## MATERIAL PROVIDED:
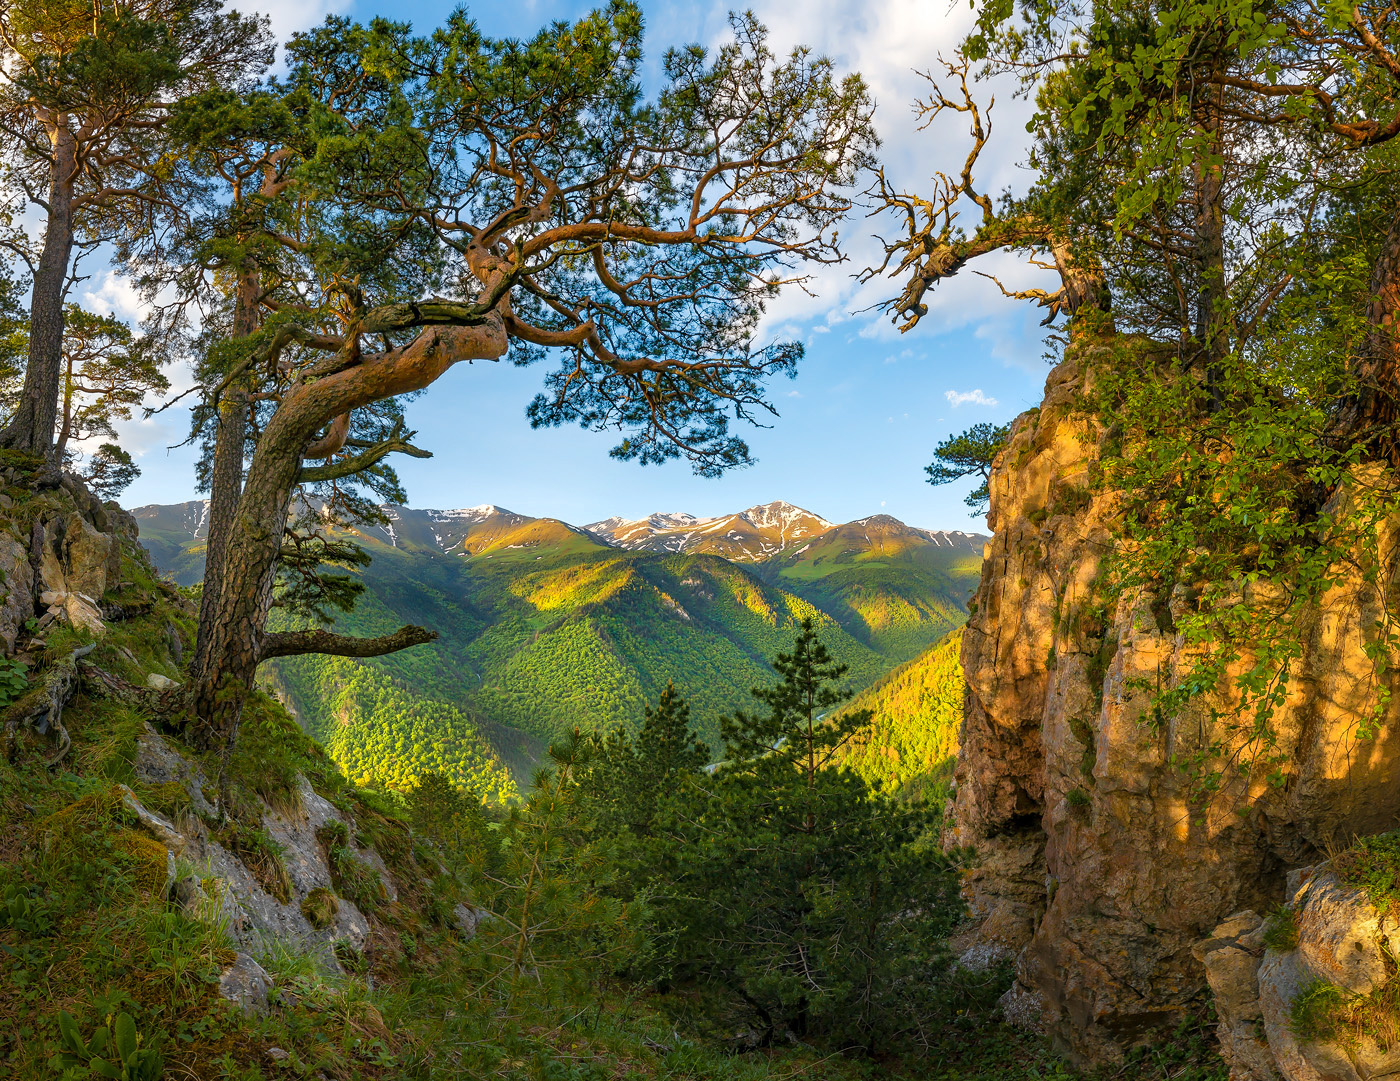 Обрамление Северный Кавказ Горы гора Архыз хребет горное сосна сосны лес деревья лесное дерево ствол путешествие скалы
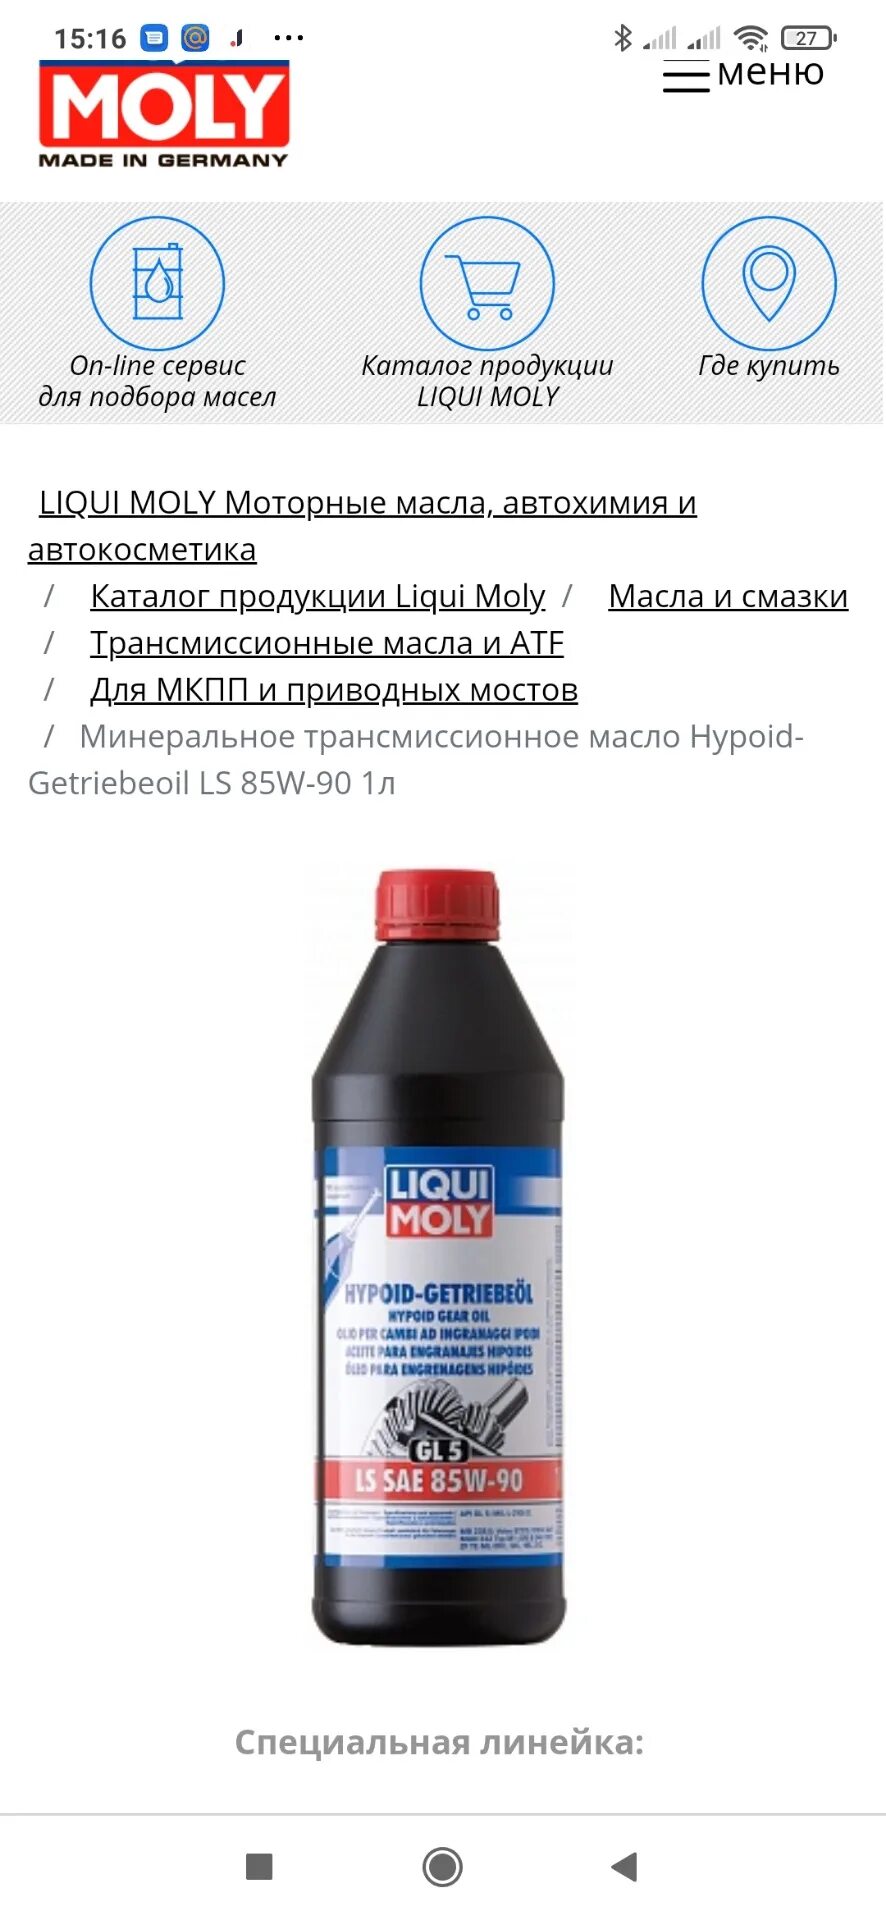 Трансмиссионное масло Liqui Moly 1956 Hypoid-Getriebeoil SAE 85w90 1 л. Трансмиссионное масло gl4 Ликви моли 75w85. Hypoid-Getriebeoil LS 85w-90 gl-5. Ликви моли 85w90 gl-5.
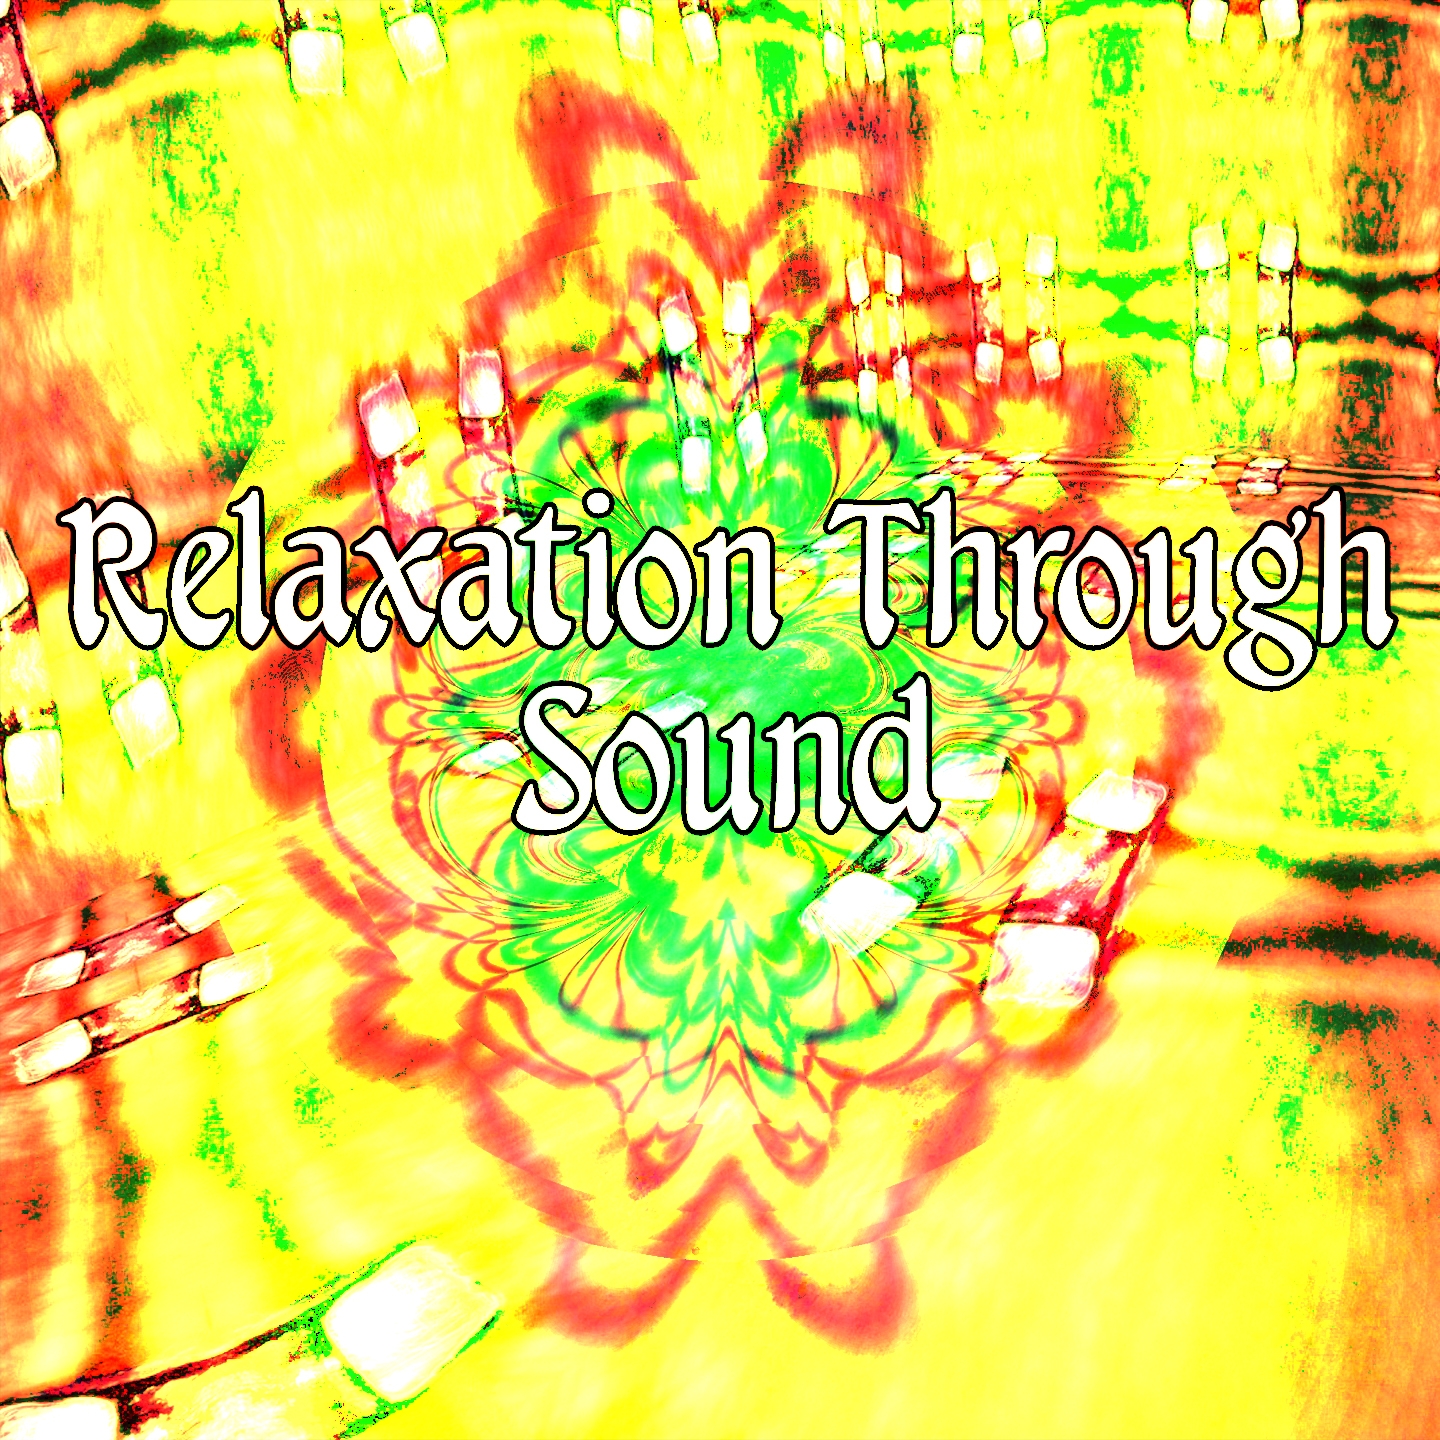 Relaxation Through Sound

## WHAT YOU ARE ASKED TO DO:
Give back the material word for word and drop the pictures it holds.

## WRITTEN RESPONSE:
 Обрамление Северный Кавказ Горы гора Архыз хребет горное сосна сосны лес деревья лесное дерево ствол путешествие скалы
 Трансмиссионное масло Liqui Moly 1956 Hypoid-Getriebeoil SAE 85w90 1 л. Трансмиссионное масло gl4 Ликви моли 75w85. Hypoid-Getriebeoil LS 85w-90 gl-5. Ликви моли 85w90 gl-5.
 Relaxation Through Sound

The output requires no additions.